In boxing or fist fighting, there are 3 pillars of defense you can use to keep yourself safe. All the defensive moves boxers learn and practice fall into one of these three foundational parts of the sport or fighting system.
1 – Move your head
This is the easiest way to protect yourself in a fight.
No matter how good your opponent or attacker is, you can make him miss his punch by moving your head. Your head should never remain in the same spot long enough for him to target you and get off a clean punch. Especially if you’re a short guy or if you like to fight on the inside, good head movement is what makes the difference between getting hit or not.
Remember: it doesn’t matter how tired you are, you can always keep your head moving. Even if you’re up against the ropes, with wobbly legs, and so fatigued you can barely hold your hands up, you can still keep your head moving and make it to the end of the round.
2 – Block a punch
The word “Blocking” can be deceptive. Lots of non-fighters think of blocking as the thing kids learn in Karate class where they go through a big, impressive ‘block’ against a punch that probably wouldn’t have landed anyway. Although those techniques are called blocks, they really aren’t. They’re really joint-locking techniques or breaking techniques.
Nevertheless, boxers and full-contact fighters do block. They just don’t do it with as much fanfare as Karate guys. Lots of guys ‘catch’ punches with the rear hand, or ‘deflect’ them with the front hand. Even if you only alter the angle of the punch by an inch, it’s still an effective block.
Blocking is very useful in a boxing match where the fighters are wearing big gloves.
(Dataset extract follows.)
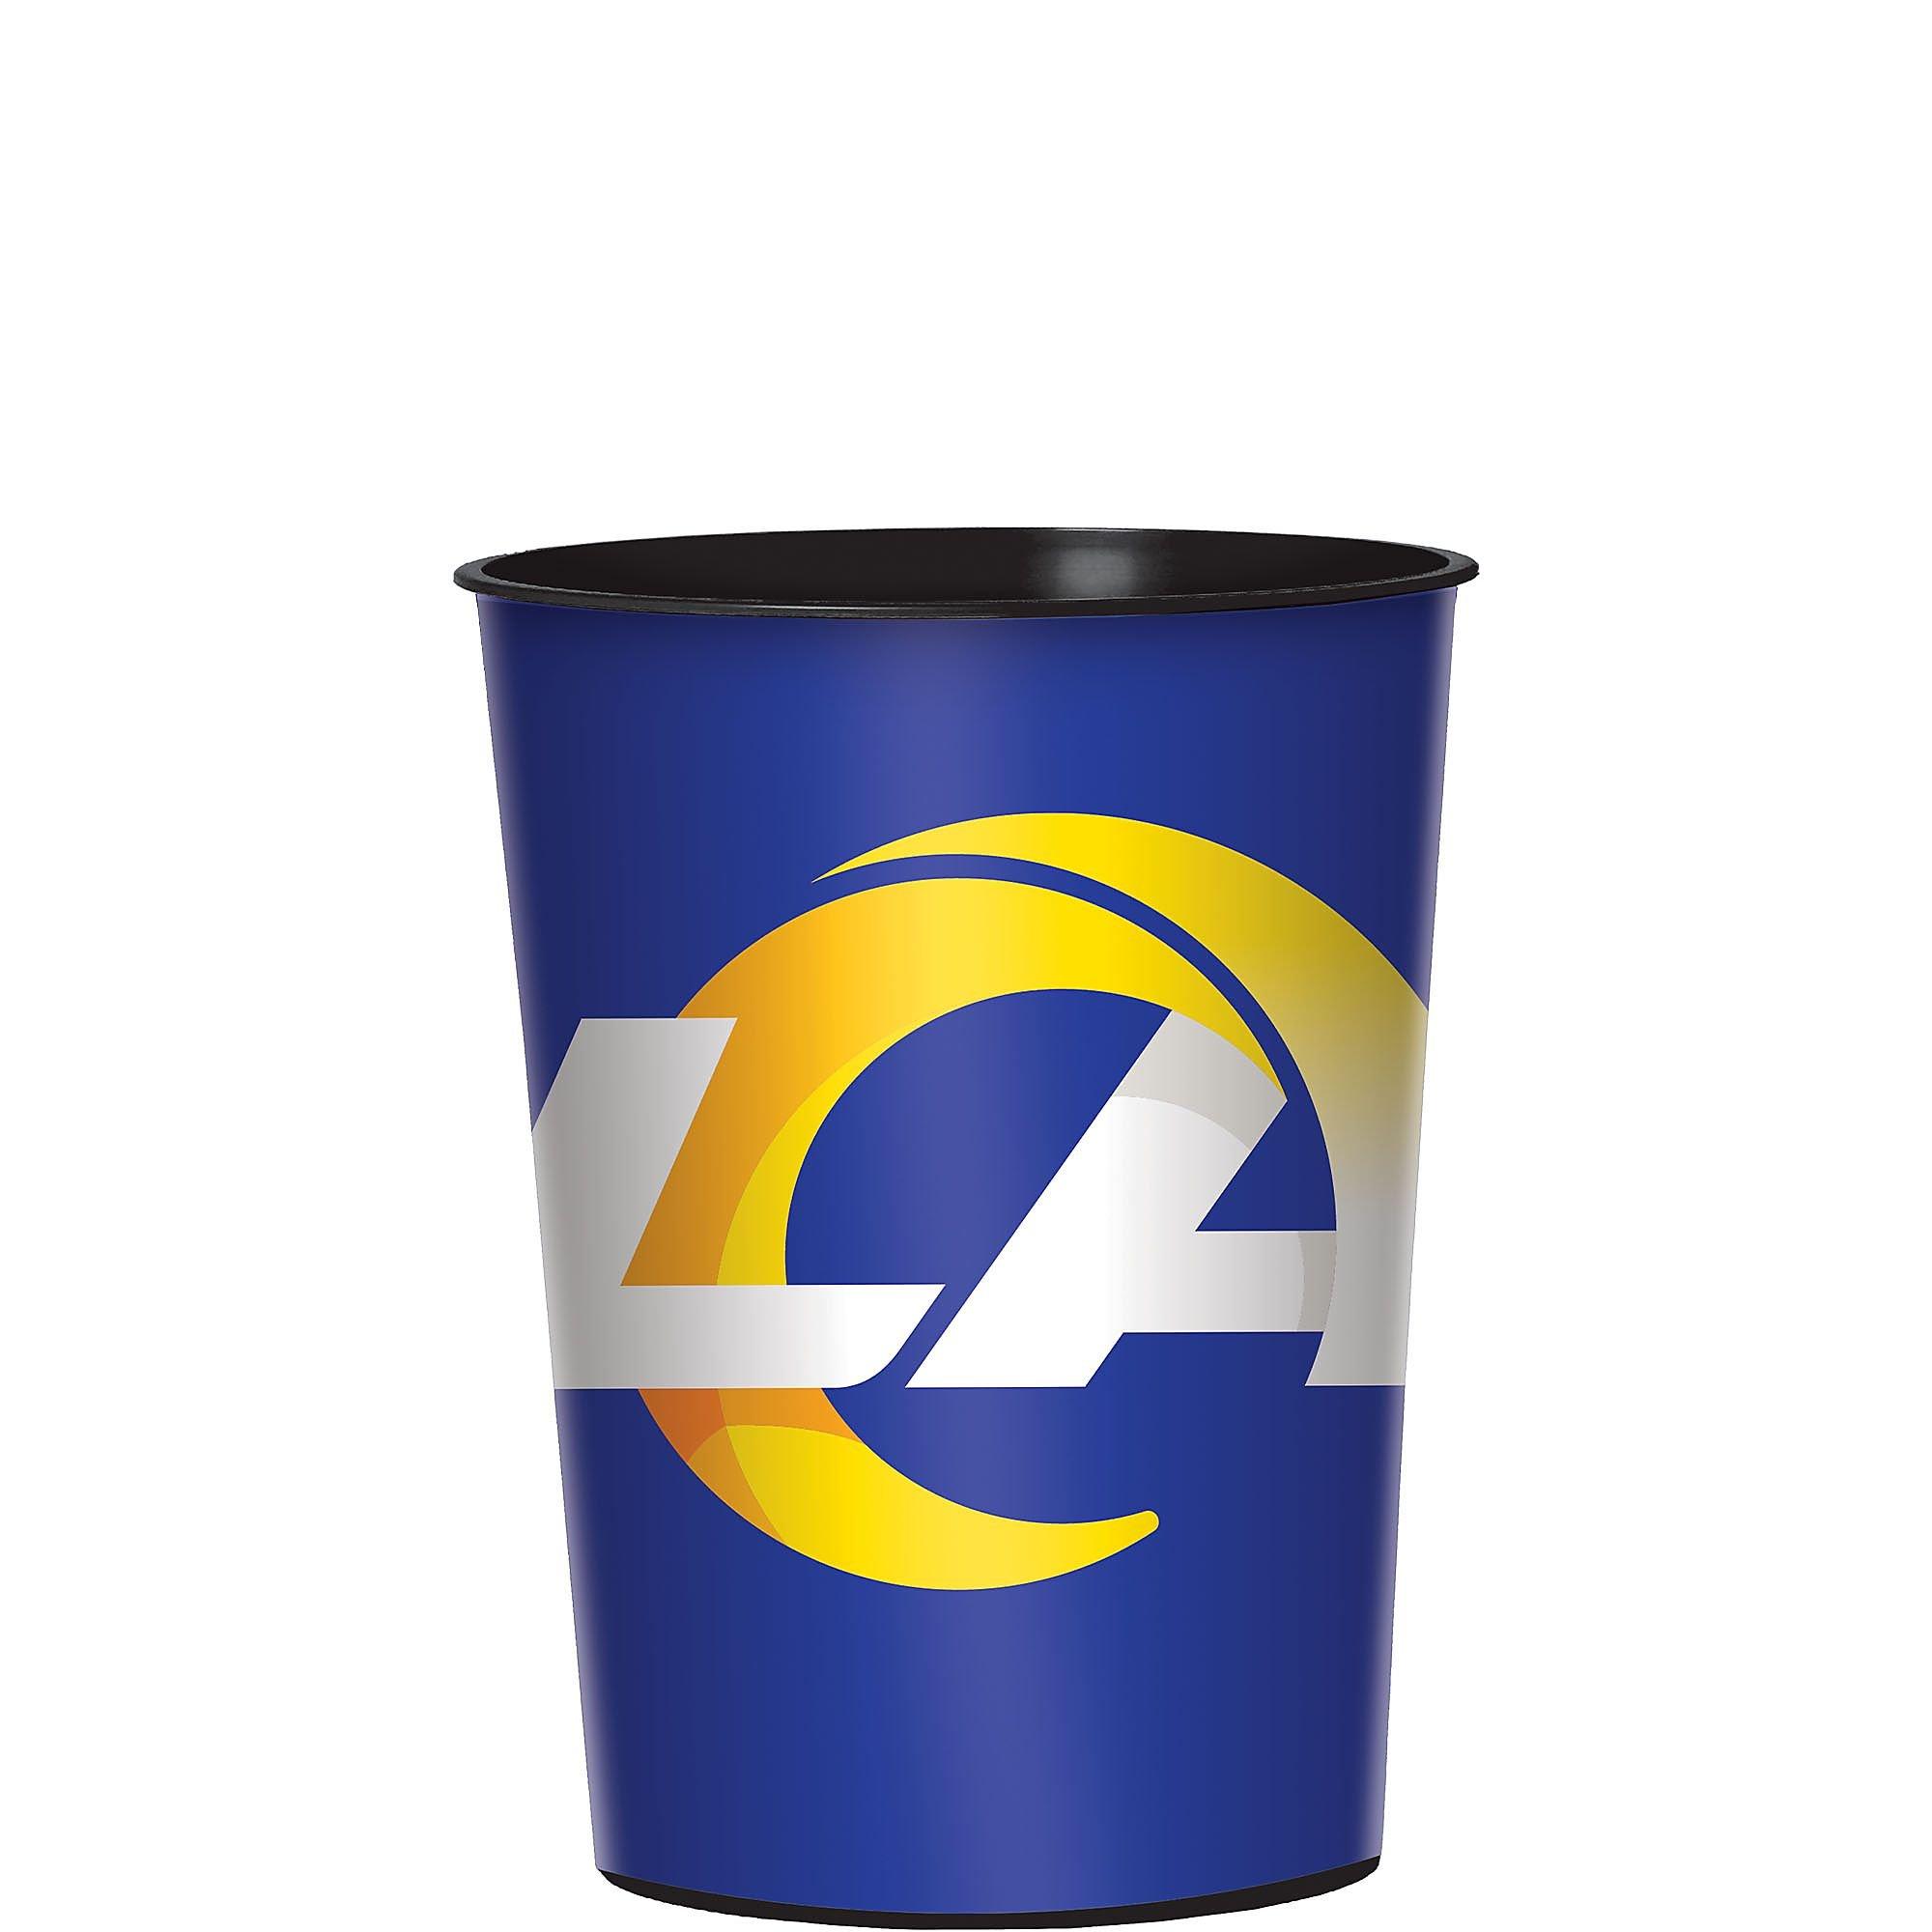 Blue and yellow again: LA Rams unveil logos, color scheme - The

It’s less useful in a bare-knuckle fight. Without gloves, it’s harder (but not impossible) to block a punch. Blocks are still useful in street fights, but the techniques are somewhat different.
Keeping your hands up is the first and most important part of blocking a punch. Some expert boxers fight with their lead hand down, but they’re still capable of blocking with the lead shoulder or with the rear hand.
3 – Defensive footwork
Footwork – or moving your feet (as opposed to moving your head) – is the experts’ way of making an opponent miss his punch.
With subtle adjustments of stance and footwork, an expert fighter can make his opponent punch air. And when he hits back, he’s in range to land damaging counterpunches.
Pick one technique and work on it
So if you’re getting hit too much in sparring, make the decision to practice one of these three aspects of fighting defense. Learn all you can about it and work on it until you feel like you’re surrounded by an impenetrable shield.
If you’re a big, tough guy, you might decide to get good at blocking punches. If you’re small and agile, footwork might be your friend. And no matter who you are, you have to learn how to move your head.
Have fun with your training and remember to always keep your chin down!